Variation in the threshold voltage level V.sub.TH as a result of the conventional threshold clamp circuit diode stack illustrated in FIG. 1 may be analyzed as follows. The voltage drop V.sub.BE, also designated .phi., across the base/emitter junction of a bipolar transistor element is approximately 0.7v or 0.8v with a negative temperature coefficient or tempco of -1.6 mV/.degree. C. As a result of the negative temperature coefficient, the voltage drop across the base to emitter junctions of the BS transistor element diodes Q7 and Q8 decreases with increasing temperature. The typical voltage drop across the Schottky diode SD2 is 0.6v with a temperature coefficient or tempco of -1.4 mV/.degree. C. Again because of the negative temperature coefficient, the voltage drop across the Schottky diode decreases with increasing temperature. As a result of the cumulative fluctuations of the threshold clamp circuit with temperature, the threshold voltage level V.sub.TH with a value of 1.4v at room temperature may vary from 0.9v to 1.9v over temperature operating range specifications from -55.degree. C. to 125.degree. C. At least three disadvantages follow upon such a wide variation of the threshold voltage.

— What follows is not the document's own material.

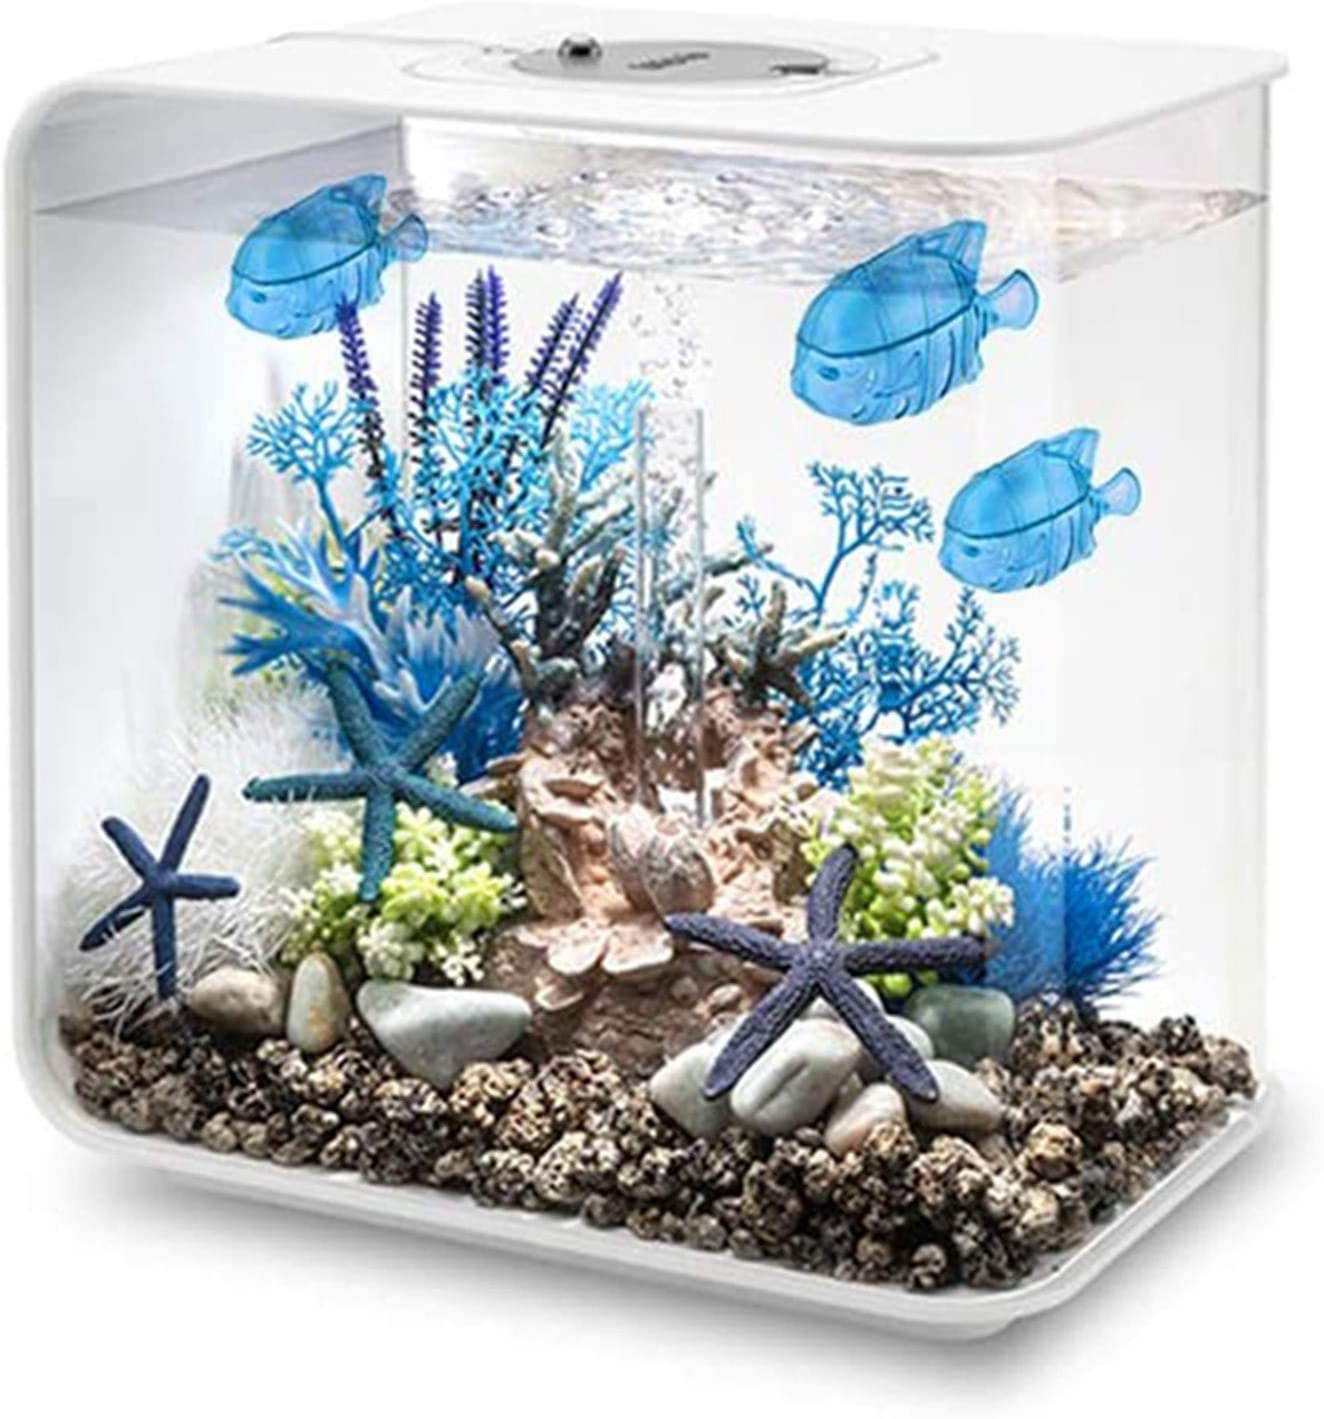 SUSOONFO10 개 범용 가습기 탱크 청소기 따뜻한 쿨 안개 가습기 물고기 탱크 호환 물고기 탱크(블루)

First as illustrated in FIG. 2, the wide variation in threshold voltage leaves only narrow noise margins in the range of for example, 300 mV to 500 mV for possible variations in the logic high and low signal potential levels V.sub.TH, V.sub.TL at the base node of the input transistor element. Variation of the input signals in excess of the narrow noise margins may cause false switching of the translator circuit ECL gate and false signals at the ECL output.
Second, the wide range of variation in the threshold voltage causes variation and inconsistency in the speed of transition of the translator circuit between the high and low potential levels. In particular there is increased skew or hysteresis in the propagation delay or time of propagation between the high to low propagation time tpHL and the propagation time for low to high transition tpLH. Undesirable skew is the time difference between tpLH and tpHL. The time of propagation is measured for example at the 1.5v crossover point and is the delay time between the 1.5v crossover point at the base node of the input transistor element of the translator circuit ECL gate and the 1.5v crossover point at the ECL output ECL OUT. In the case of the TTL to ECL/CML translator circuit, the crossover point is taken to be the threshold voltage level and the threshold voltage level variations therefore translate to variations in the propagation delay and increased skew.
Finally, variation in the threshold voltage level causes increased sensitivity to internal ground bounce. Because of the small noise margin a relatively small negative internal ground bounce may cause false data signals to occur, false clocking, or other glitches.